New York Times reports that China's unemployment rate has hit its lowest point in multiple years at 3.95 percent by the end of September, but employment still face challenges as the economy pushes ahead with structural reforms, China's labor ministry said on Sunday. The ministry of human resources and social security said in a statement that 10.97 million new jobs had been created in China from January to September this year, a growth of 300,000 compared with the previous year. The figure represents having essentially fulfilled the ministry's year-end target, the ministry said in a pre-prepared statement given to reporters.
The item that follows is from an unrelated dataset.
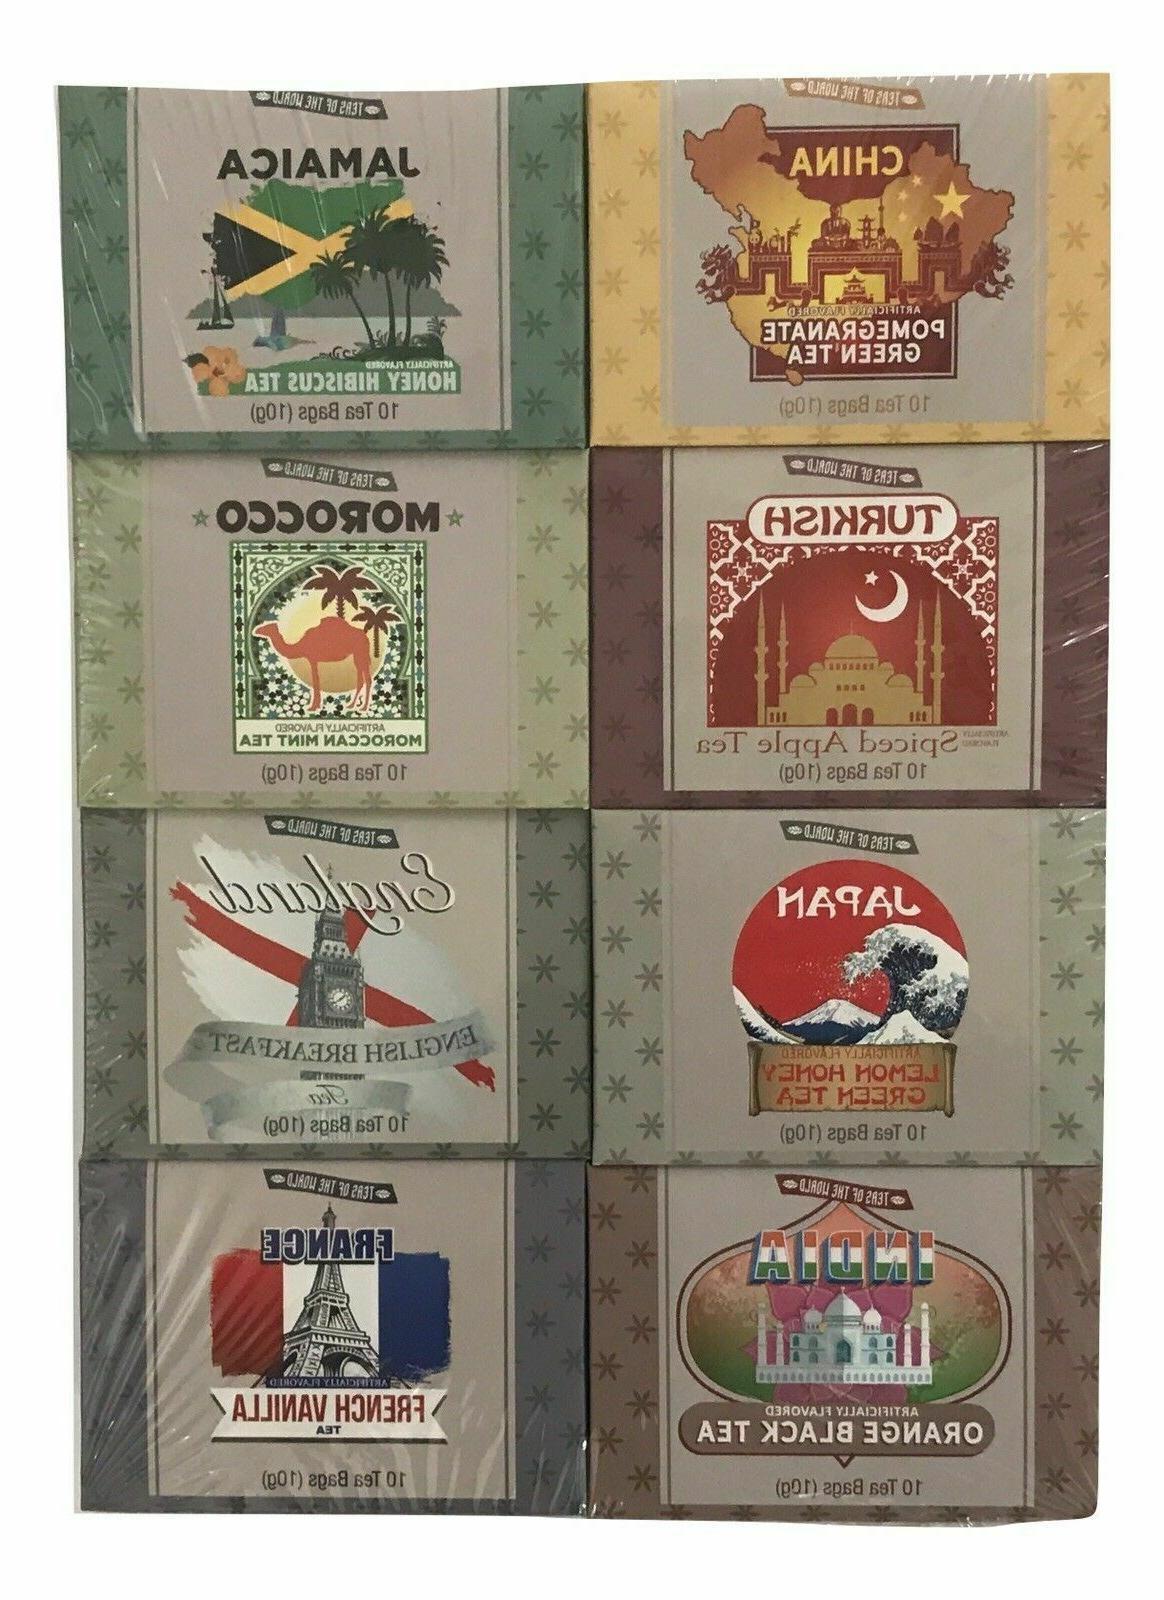 Teas The Tea 80 Gift Set Sampler Total, Flavors
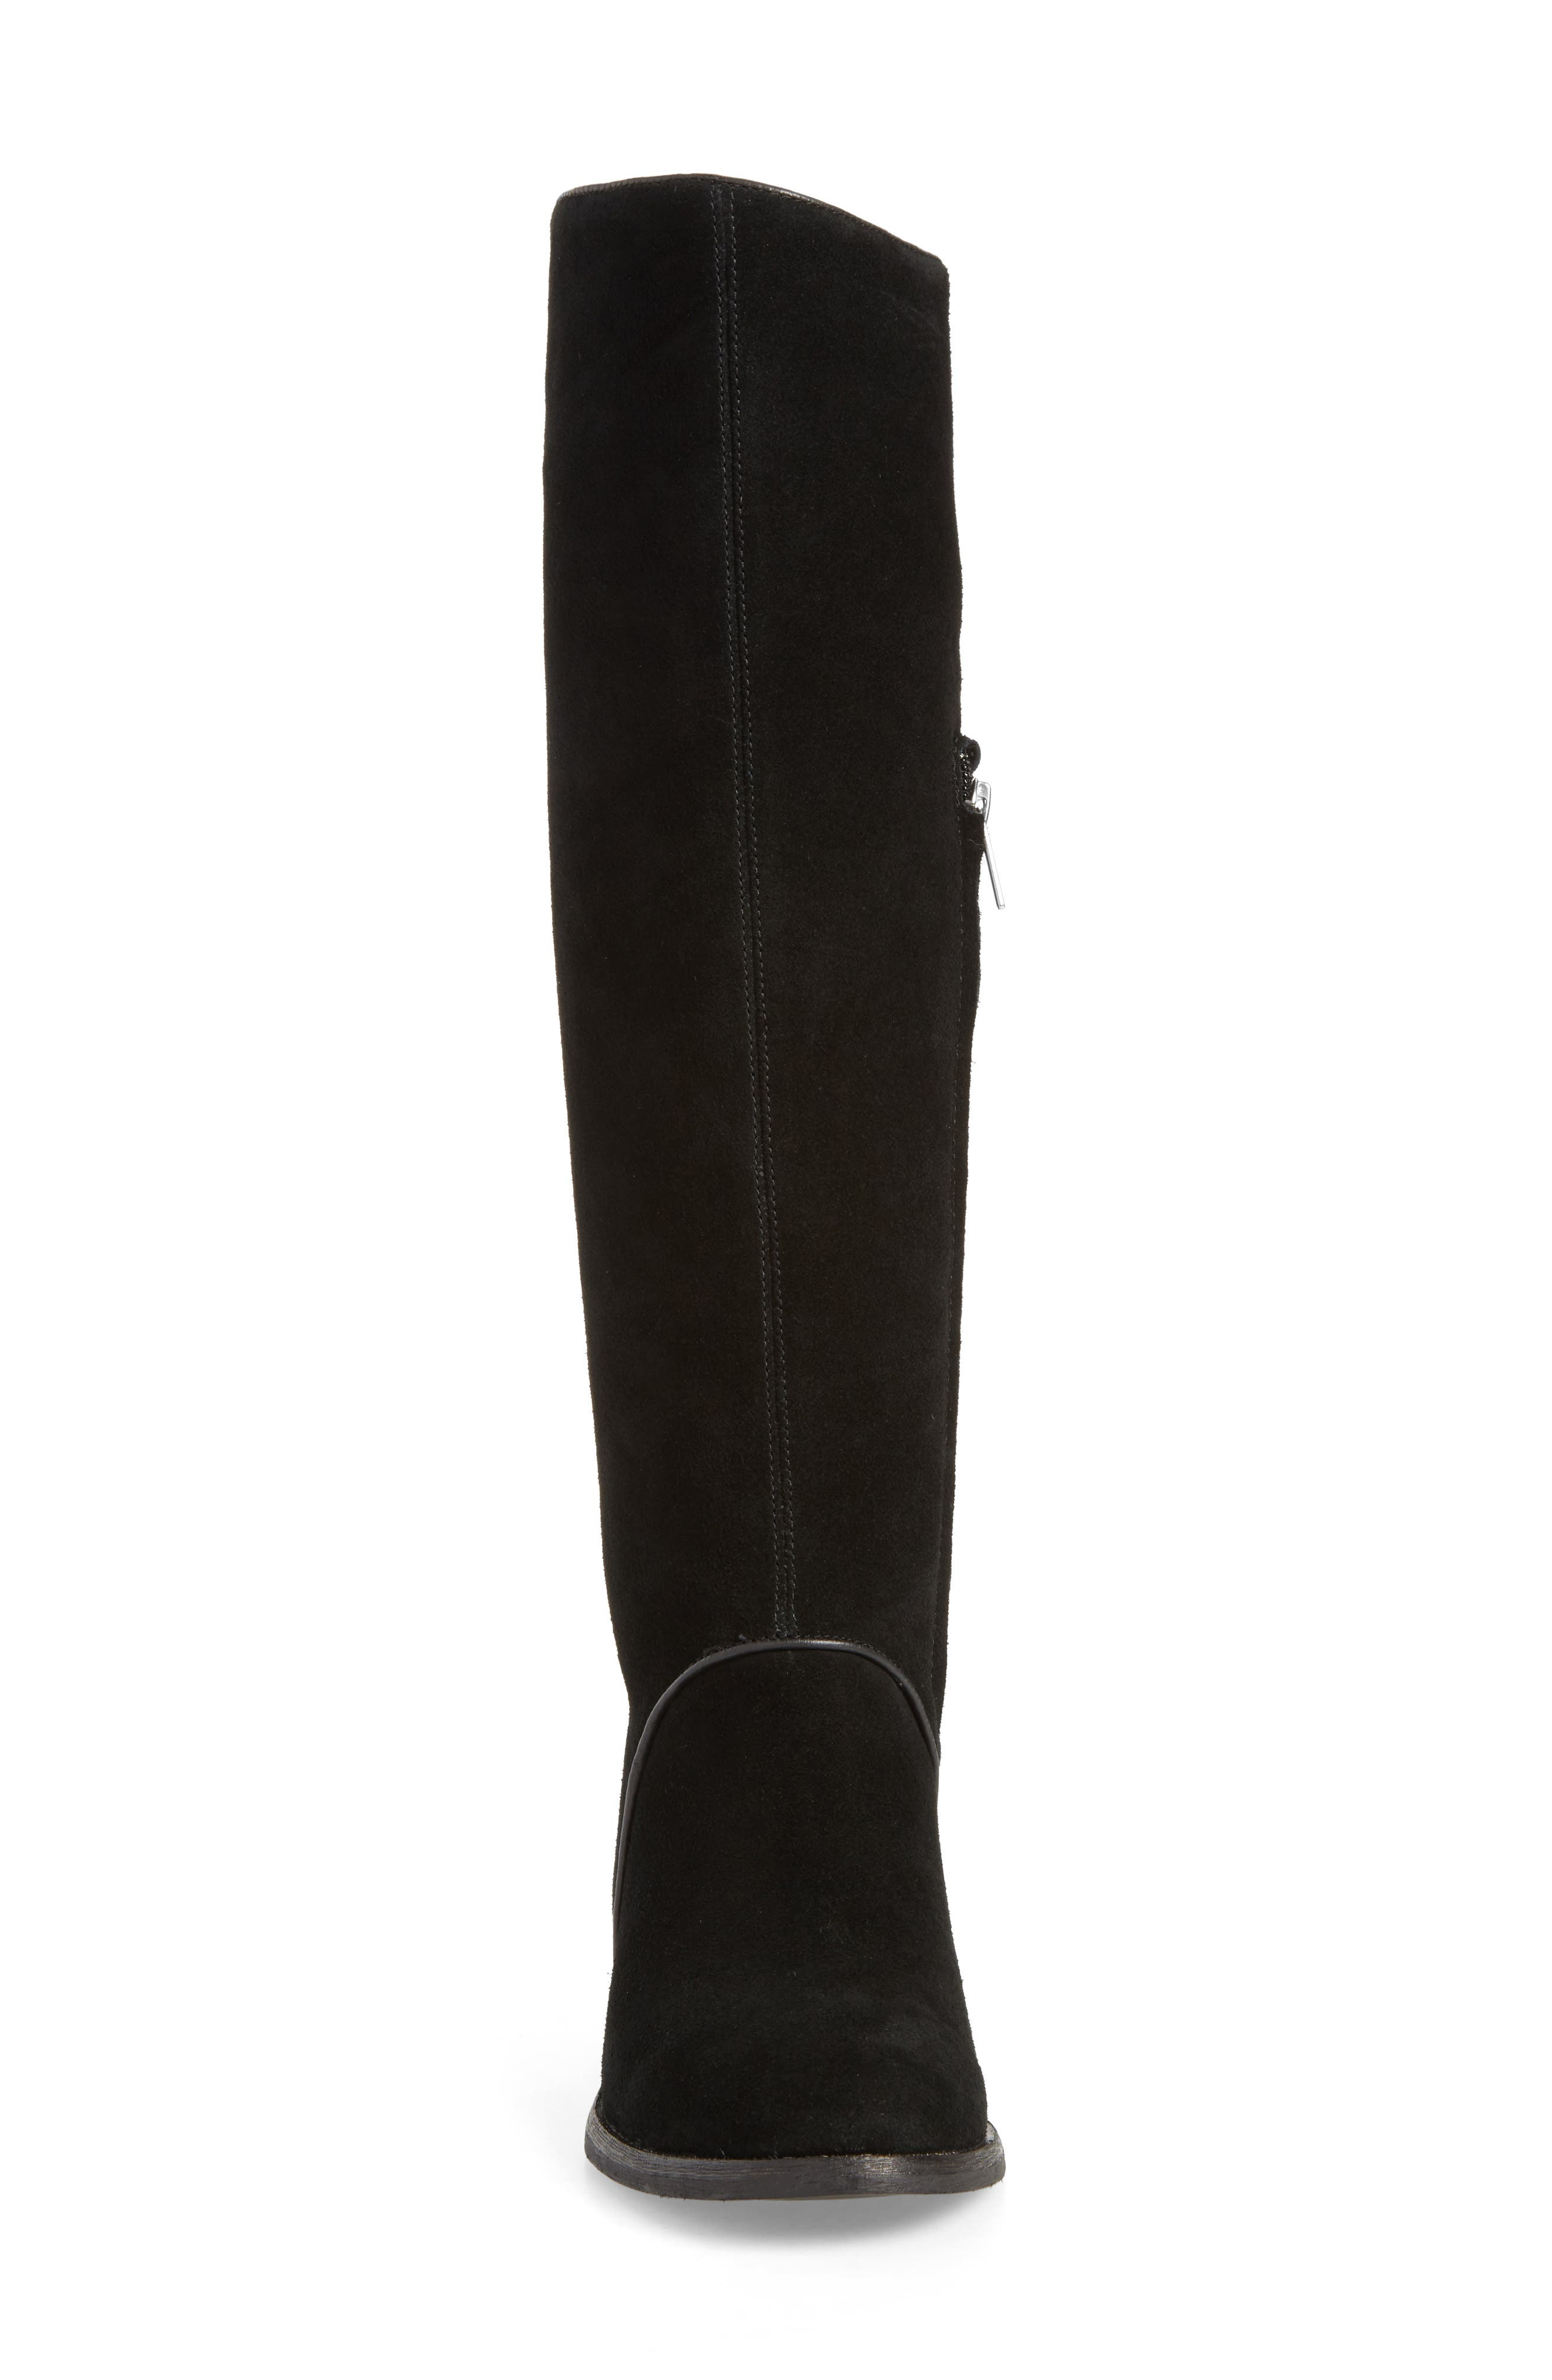 Gracen Knee High Boot,                             Alternate thumbnail 4, color,                             Black Suede

Despite being ahead of schedule, Yin Weimin, head of the ministry, told reporters that "raising the capacity to employ workers overall still faces large pressures." "We need to create 15 million jobs per year," Yin said, singling out China's more than 8 million new university graduates that enter the job market each year as one group in need of additional employment.
Fortune writes that Tesla has reached an agreement with the Chinese government in Shanghai to build a production facility in the city's free-trade zone, potentially giving the carmaker a unique edge in the world's largest market for electric vehicle. Details of the deal, as reported Sunday morning by the Wall Street Journal, are still being worked out. But it is the first of its kind for a foreign car manufacturer, and could drastically cut production costs for Teslas sold in China – and the deal is expected to exclude the kind of technology-sharing agreements that can deter innovative international companies from setting up shop there. Tesla has been pursuing a Chinese factory for years, and the Shanghai deal started to come into focus in June. That followed the announcements that Tesla sold $1 billion worth of cars in China in 2016, and that it had accepted a large investment from Tencent Holdings, a technology giant in China.
Financial Times writes that US defence secretary Jim Mattis will try to unite Southeast Asian countries against China during a meeting of defence ministers in the Philippines on Monday, as President Donald Trump prepares to send a strong message to challenge Beijing. The Association of Southeast Asian Nations has frequently been fragmented as the US and China jockey for influence. This has been magnified by a dispute over artificial islands in the South China Sea that China has built and equipped with military installations. At the same time the US has lost influence in the region after Mr Trump appeared to give his predecessor's "pivot to Asia" short shrift, cancelling a trade pact that the region had spent years working towards. "[Asean gives] voice to those who want relations between states to be based on respect, and not on predatory economics or on the size of militaries," Mr Mattis told reporters ahead of meetings in the Philippines, without mentioning China by name. "The United States remains unambiguously committed to supporting Asean."